There are few greater powerhouses of distance running than Ethiopia. In the thin air of the forests above Addis Ababa, you’ll find the world’s greatest going about their business, day after day, week after week, month after month, in pursuit of lactate loving glory. The high altitude has always been a part of the Ethiopian mystique; essential but not sufficient on it’s own for distance dominance. Down below, at the relatively modest elevation of 1800 m above sea level, lies the Bahir Dar University, home of research into the effects of altitude training on distance running, from which a new meta analysis has been published in Physiological Reports, outlining the extent to which altitude training may benefit performance metrics, and crucially unpicking the potential mechanisms and best protocols for our own training.
Meta Analysis
But first, what is a meta analysis, and why should we care about it’s outcome? Scientific research is built upon individual research papers. A group of scientists have an idea, and they run an experiment on maybe 10-20 people if we’re lucky, and then they write about it; what they did, what they found out, what questions still remain. This is the keystone of research, and remains absolutely essential, however individual studies may be too small to draw wider inference, or to detect statistically signifcant impacts. By pooling the data from every participant in every study, researchers can draw much stronger conclusions about the size of the effect a certain intervention (in this case altitude training) can have.

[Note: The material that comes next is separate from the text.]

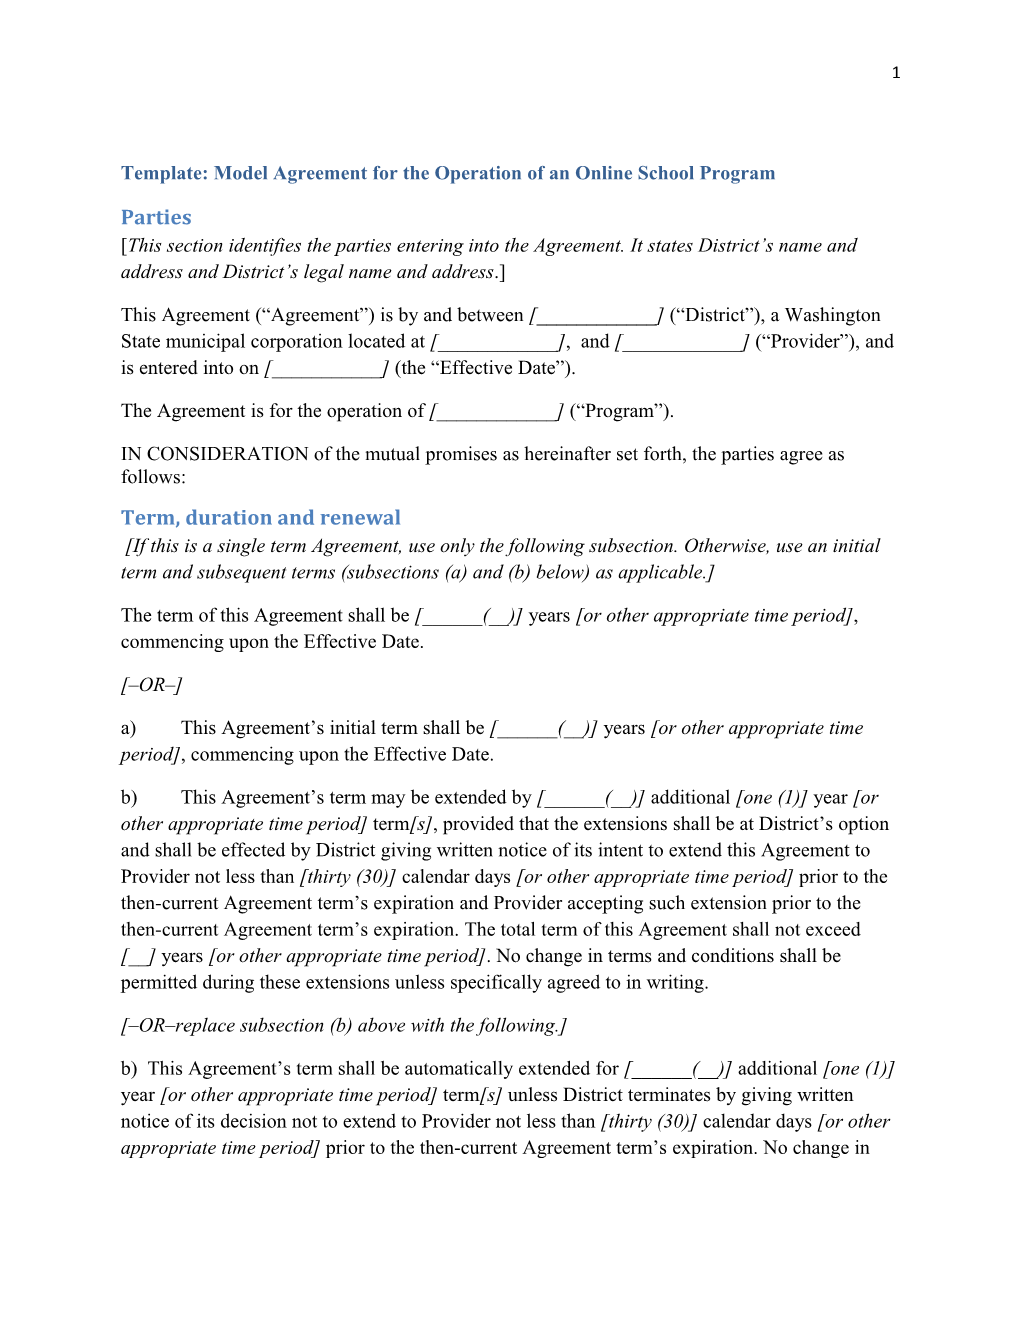 Template: Model Agreement for the Operation of an Online School Program

It also allows researchers to delve further into subgroups (for example differentiating by sex, fitness level etc) to find out where the intervention is best applied, and how. In short, provided the studies included in the meta analysis are sound, the results from a meta-analysis can be some of the strongest scientific evidence we have to answer a question.
The Current Research
The authors of this meta analysis had two key questions they wanted to answer:
- Does the pooled effect indicate a significant VO2 max improvement in the combined HIIT and hypoxic conditions? (I.e. does high intensity interval training at altitude improve VO2max to a greater extent than training at sea level.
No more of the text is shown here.